Racial disparities in prosthesis use, satisfaction, and physical function in upper limb amputation and the impact of Veteran status

Abstract: Background: Prior research found that Black veterans with upper limb amputation (ULA) reported greater disability and need for assistance compared to White veterans. The extent to which racial disparities in outcomes exist outside of the Department of Veterans Affairs has not been explored. Objective: To examine racial disparities in physical function and prosthesis satisfaction among individuals with ULA and assess the potential moderating role of veteran status. Design: Cross-sectional survey. Setting: Community-dwelling participants. Participants: U.S. veterans and civilians with ULA. Interventions: Not applicable. Main outcome measures: Physical function measures included Patient-Reported Outcomes Measurement Information System-Upper Extremity Amputation-specific (PROMIS-UE AMP), and Upper Extremity Functional Scale for Prosthesis Users (UEFS-P) for one-handed and two-handed tasks.
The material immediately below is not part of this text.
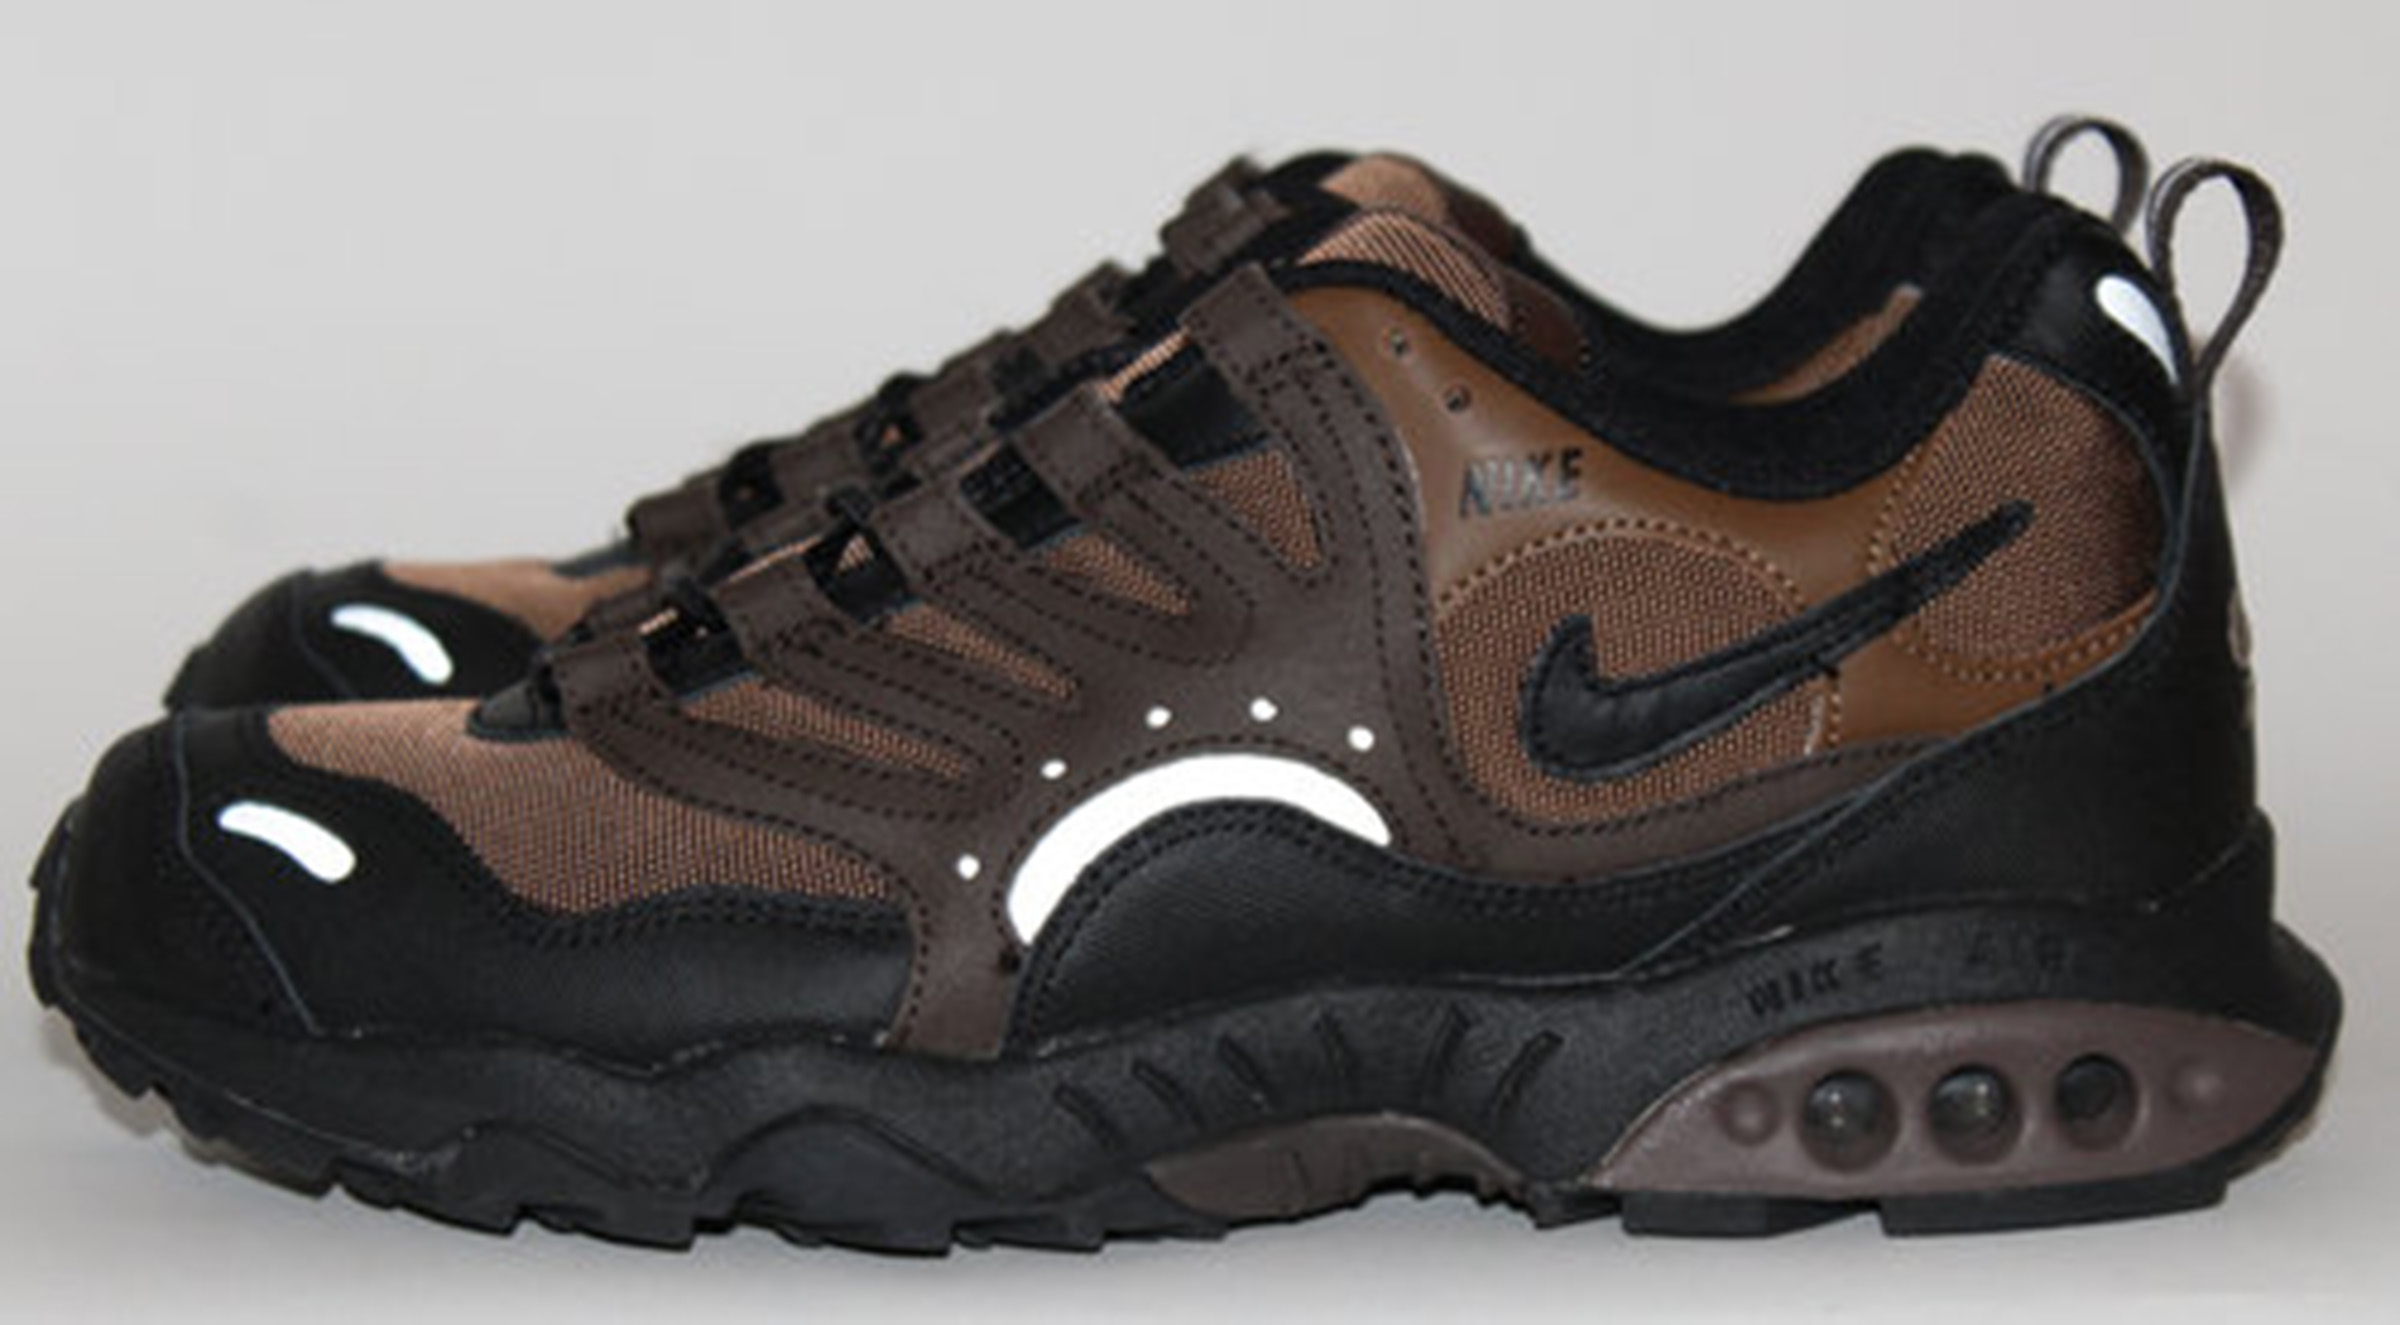 Nike Air Terra Humara Brown DS (Size 11

Prosthesis satisfaction measures included the modified Client Satisfaction with Device (CSD) Comfort, Appearance, and Utility scales, the CSD-8, and the Trinity Amputation and Prosthesis Experience Satisfaction (TAPES) scale. Results: Of 713 participants, 79% were male, with mean age of 61.3 years. The racial composition was 83.6% White, 9.1% Black, and 7.3% other, with 75.4% identifying as veterans. Multivariable linear regression found that Black participants (compared to White) had lower PROMIS 13-UE AMP (β: -5.1, 95% CI: -7.7 to -2.5) and UEFS-P Two-Handed Task Scale (β: -4.0, 95% CI: -7.3 to -2.1) scores. Satisfaction scores were lower for Black participants as measured by modified CSD Comfort (β: -3.9, 95% CI: -7.2 to -0.6), Appearance (β: -4.4, 95% CI: -7.5 to -1.2), Utility (β: -3.9, 95% CI: -7.2 to -0.6), and CSD-8 (β: -3.9, 95% CI: -7.2 to -0.6) scales. Veteran status moderated the impact of Black race on the UEFS-P Two-Handed Task Scale and the TAPES. Conclusions: Black individuals with ULA had worse physical function and prosthesis satisfaction than White individuals. Although veteran status moderated these disparities, the reasons for these disparities remain unclear. Further research is essential to understand the causes of these disparities.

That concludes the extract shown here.